- Film poster for A Shot at Glory
- Directed by: Michael Corrente
- Written by: Denis O'Neill
- Produced by: Robert Duvall
- Starring: Robert Duvall Ally McCoist Brian Cox Kirsty Mitchell Cole Hauser Michael Keaton Martin Owens Scott G. Anderson Morag Hood Libby Langdon Catherine Figgins
- Music by: Mark Knopfler
- Distributed by: United International Pictures (United Kingdom) MAC Releasing (United States)
- Release date: 3 May 2002;
- Running time: 114 min
- Countries: United States United Kingdom
- Language: English

= A Shot at Glory =

2002 film by Michael Corrente

A Shot at Glory is a film by Michael Corrente produced in 1999 and released in 2002, starring Robert Duvall and the Scottish football player Ally McCoist. It had limited commercial and critical success. The film features the fictional Scottish football club Kilnockie FC, based on a Second Division Scottish Football League club, as they attempt to reach their first ever Scottish Cup Final. The final game is against Rangers.

==Plot==
Robert Duvall plays the club manager, Gordon McLeod. Jackie McQuillan (Ally McCoist) is the team's striker, an ageing player on the verge of retirement, who has recently been signed from Arsenal. McQuillan is a legendary ex-Celtic player who, as well as being married to McLeod's daughter, has a reputation for being troublesome. The two men put their personal problems aside as they try to prevent the small fishing town of Kilnockie from losing its club, which is owned by an American businessman (played by Michael Keaton) who wants to move the club to Dublin in Ireland.

==Cast==
- Robert Duvall as Gordon McLeod
- Ally McCoist as Jackie McQuillan
- Michael Keaton as Peter Cameron
- Brian Cox as Martin Smith, Rangers manager
- Kirsty Mitchell as Kate McQuillan
- Bill Murdoch as Desmond
- Ian Constable as Physio to team
- Daniel Healy as Street Kid 2
- Ian McKellar as himself (Hampden crowd)

Kilnockie Team
- Cole Hauser as Kelsey O'Brian
- Owen Coyle as himself
- Andy Smith as himself
- Steven Hamilton as himself
- Peter Hetherston as himself
- Craig McEwan as himself
- Kenny Black as himself
- Ian Constable as Physio

Queen of the South Team
- Ian McCall as Derek McCall

Rangers Team
- Darren Fitzgerald as himself
- Ally Maxwell as himself
- Derek Ferguson as himself
- Didier Agathe as himself
- Eddie May as himself

== Production ==
The film's working title was The Cup.

Filming took place at several locations across Scotland, including Boghead Park (the former ground of Dumbarton), Dumfries club Queen of the South's Palmerston Park ground, Kilmarnock's Rugby Park ground and Hampden Park. The majority of scenes representing the town of Kilnockie were filmed in Crail, Fife. Several extras in the film were then players of Raith Rovers, including future Celtic player Didier Agathe. Duvall regularly went to see Raith Rovers to learn from John McVeigh, the manager, on whom his character was based. The movie is loosely based on the cup exploits of Airdrieonians, who as a small town team reached two Scottish Cup Finals, several League Cup semi-finals, and qualified for the European Cup Winners Cup in the 1990s. John McVeigh was Assistant Manager at Airdrie when they enjoyed this success. The cast featured several past and current Airdrie players in both speaking and non speaking roles. The events of the film were also mirrored later in 2006 when Third Division Gretna reached the Scottish Cup final, losing on penalties to SPL runners-up Hearts. Robert Duvall was impressed with Ally McCoist's acting.

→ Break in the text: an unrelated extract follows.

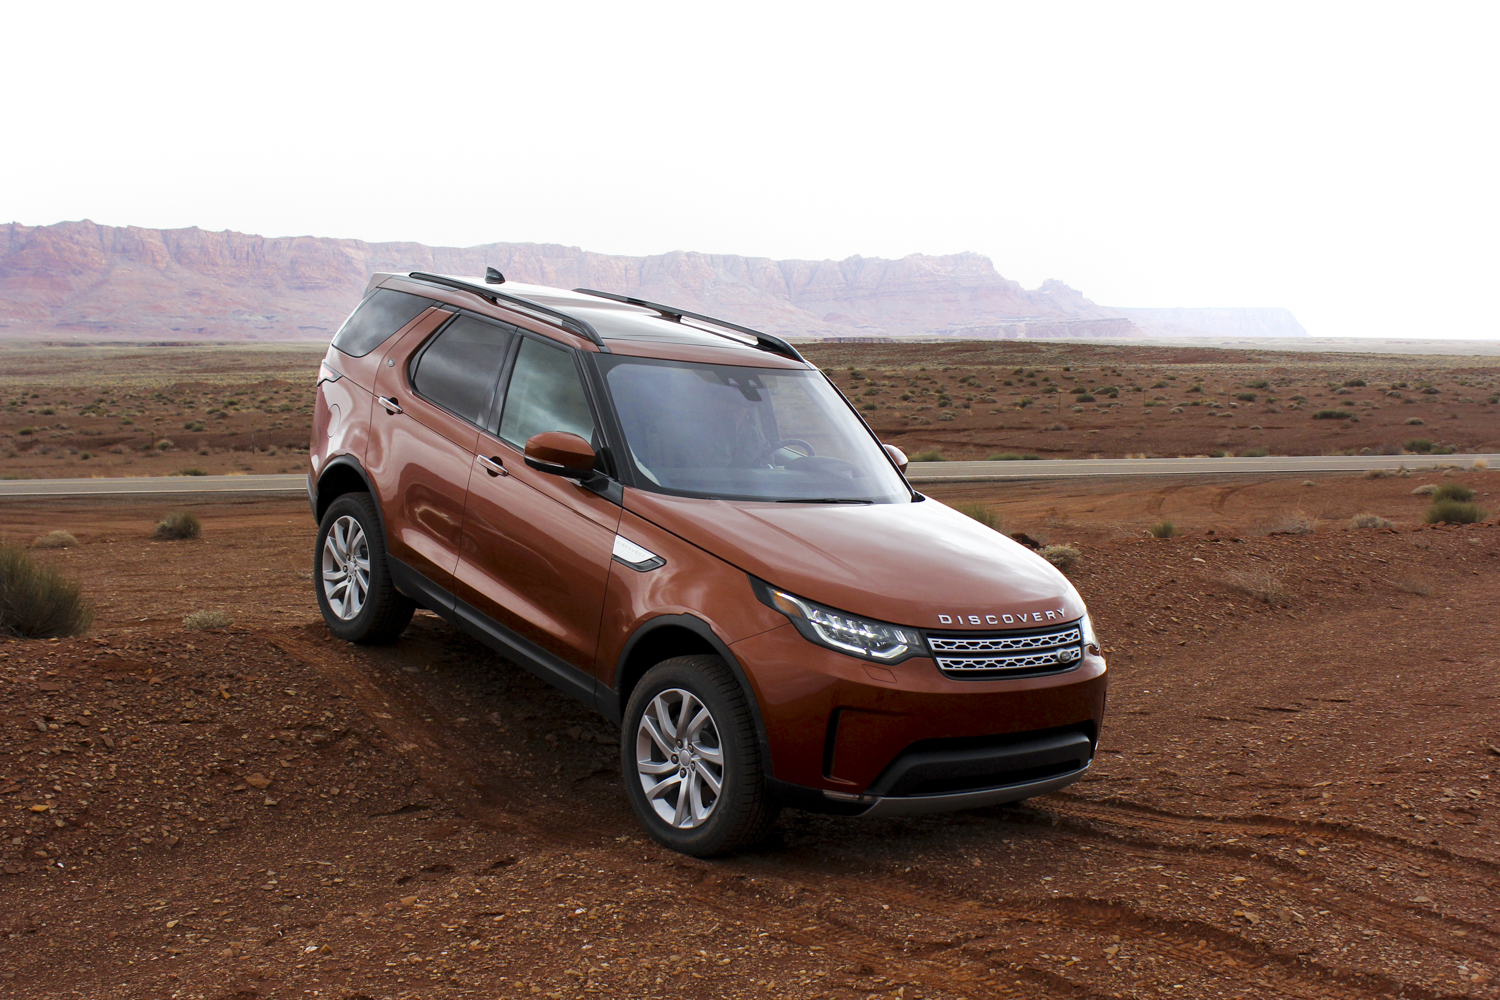 2017 land rover discovery first drive landrover review 000119

Former Celtic player Jimmy Johnstone and Rangers' Jim Baxter were among the star names who turned down roles in the film.

In the United States, the film was the first to be distributed by MAC Releasing, a film company founded by Mike Marcus, Andy Gruenberg, and Craig Baumgarten.

==Reception==
The film received mixed reviews.

The movie was the subject of a feature length podcast review by Quickly Kevin, Will He Score?